In general, animals are not held to be moral/ethical agents regardless of what they eat. This leaves us with humans.

For humans, the main debate centers around a a couple key sub-debates:

  1. The rights of animals vs humans, both in terms of survival needs and more aesthetic/quality-of-life issues (e.g., pain, abuse, freedom, exploitation).

  2. The environmental consequences of raising animals for food vs plant sources.

(1) is more primary as it lays the groundwork for where we have the right to put obligations on people's treatment of animals.

For example, in prehistoric times people did not have any concept of macronutrients, nor did they have the luxury of a lot of choice. In these circumstances, it could be argued that their killing of animals for food was necessary for survival; therefore, avoiding killing animals would amount to killing themselves - at best, this is an "even trade", but one could argue that a family of people being saved for one animal is a fair trade.

This is essentially an argument for a moral free-pass for humans due to lack of nutritional knowledge and an inability to act on that knowledge even if they knew it (due to scarcity).

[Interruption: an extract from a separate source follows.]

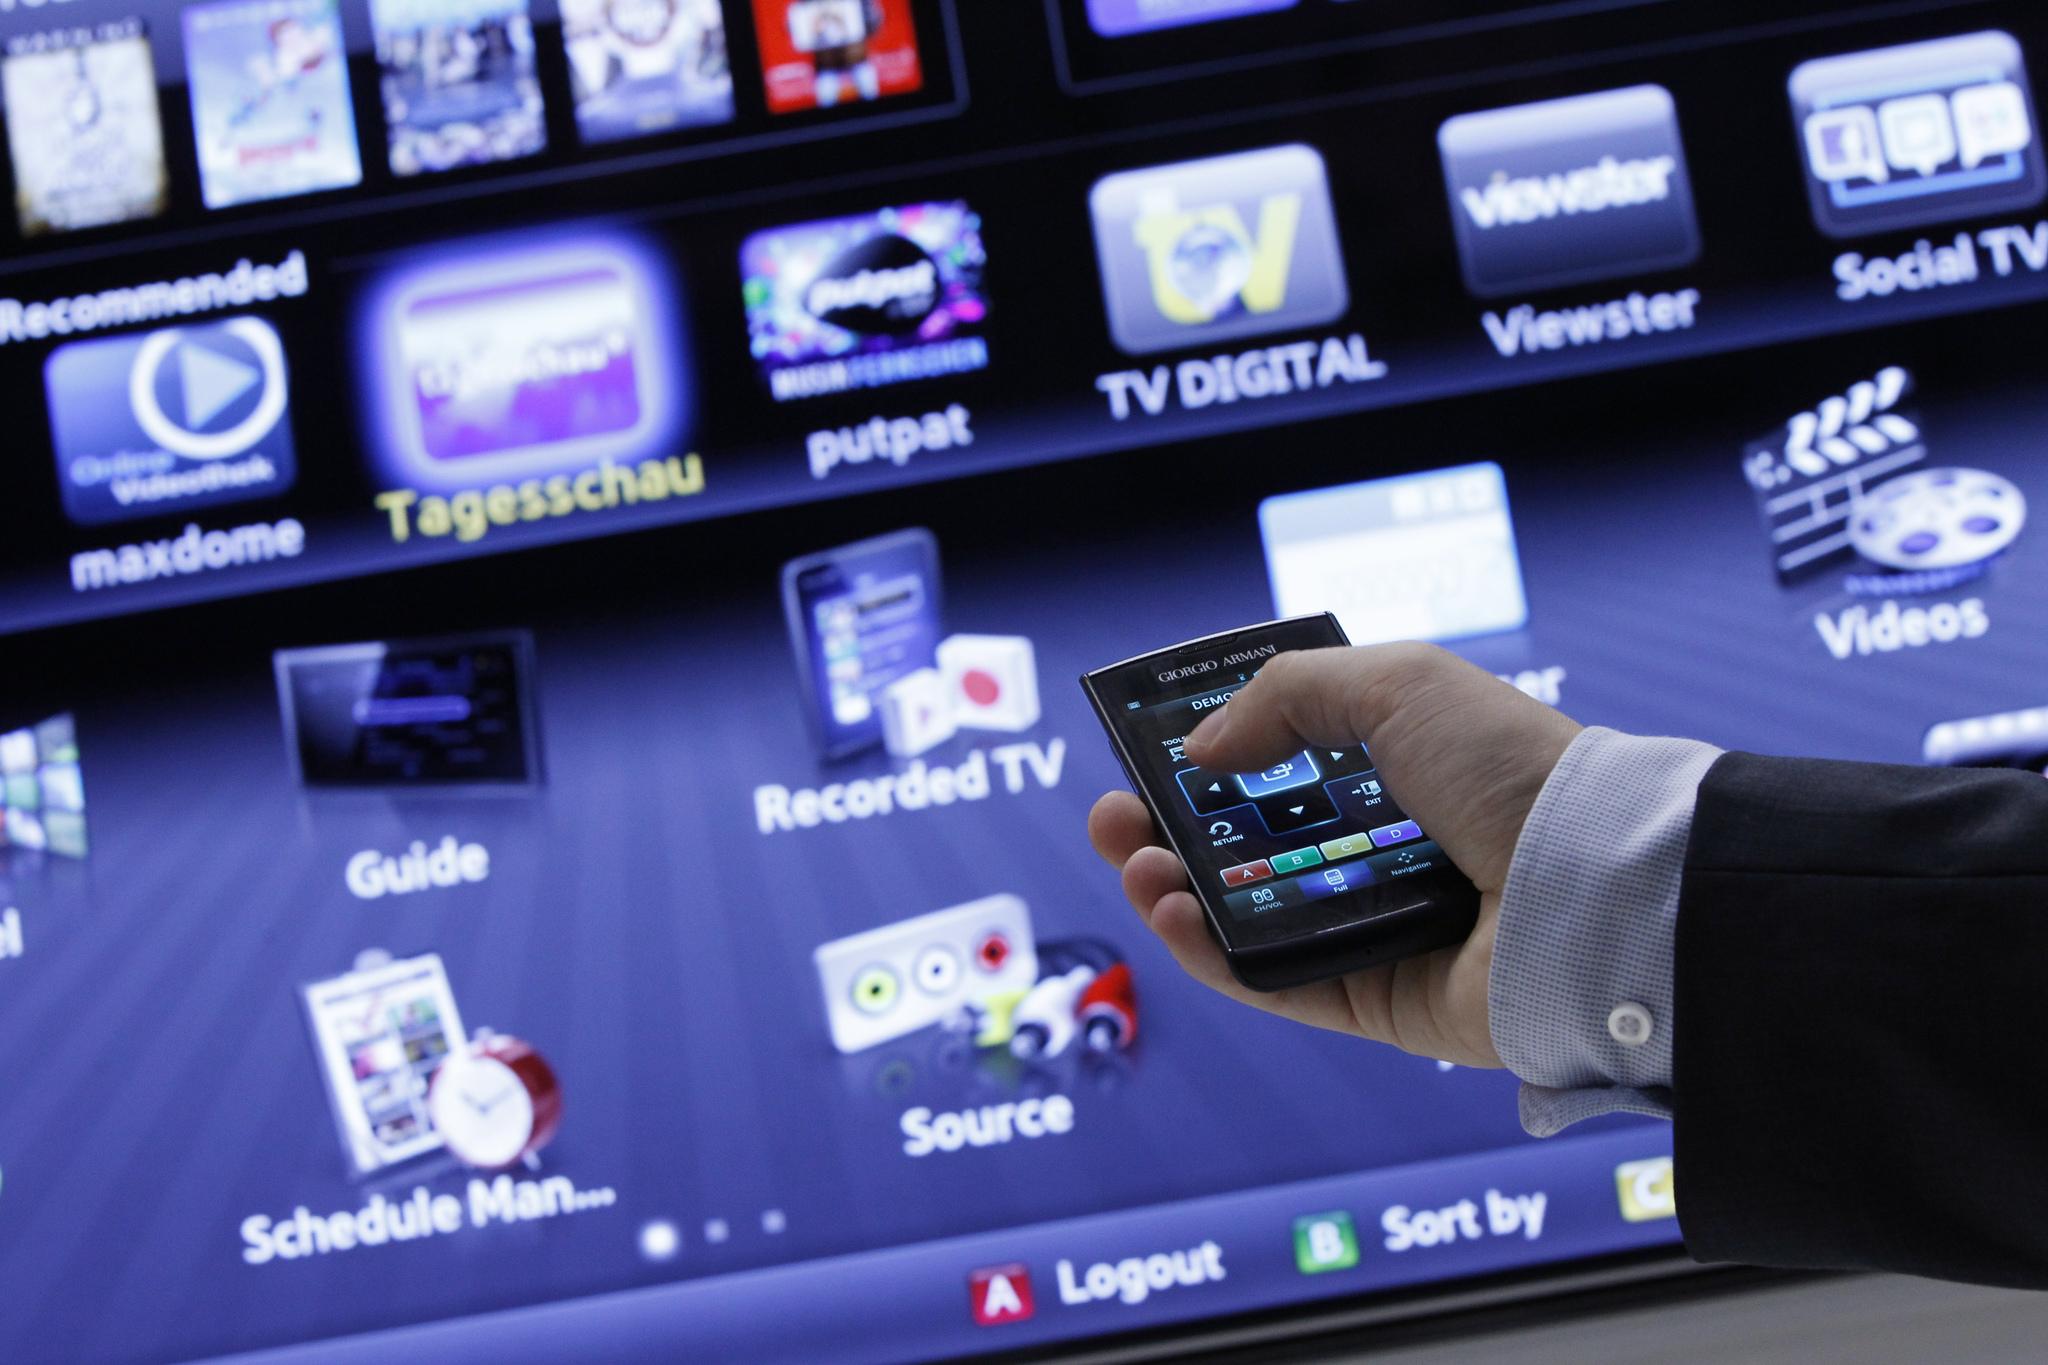 An exhibitor demonstrates a Samsung Smart TV at the IFA consumer electronics fair in Berlin, August 31, 2011.

Going to our modern times, these reasons are no longer applicable to a large number of people who live in the developed world. Today, we have a very solid understanding of basic human nutrition and protein needs. In addition, food science has advanced to the point where we can both manufacture complete proteins without animals and know how to combine plant protein sources to create a complete proteins (e.g., grains + legumes). Finally, we also know the relative environmental impacts of raising animals vs plant-based protein sources. Since we no longer have these reasons, it comes down to whether the act of raising animals to be killed for food is inherently bad. Dr. Singer goes into depth on this topic, as does the link above.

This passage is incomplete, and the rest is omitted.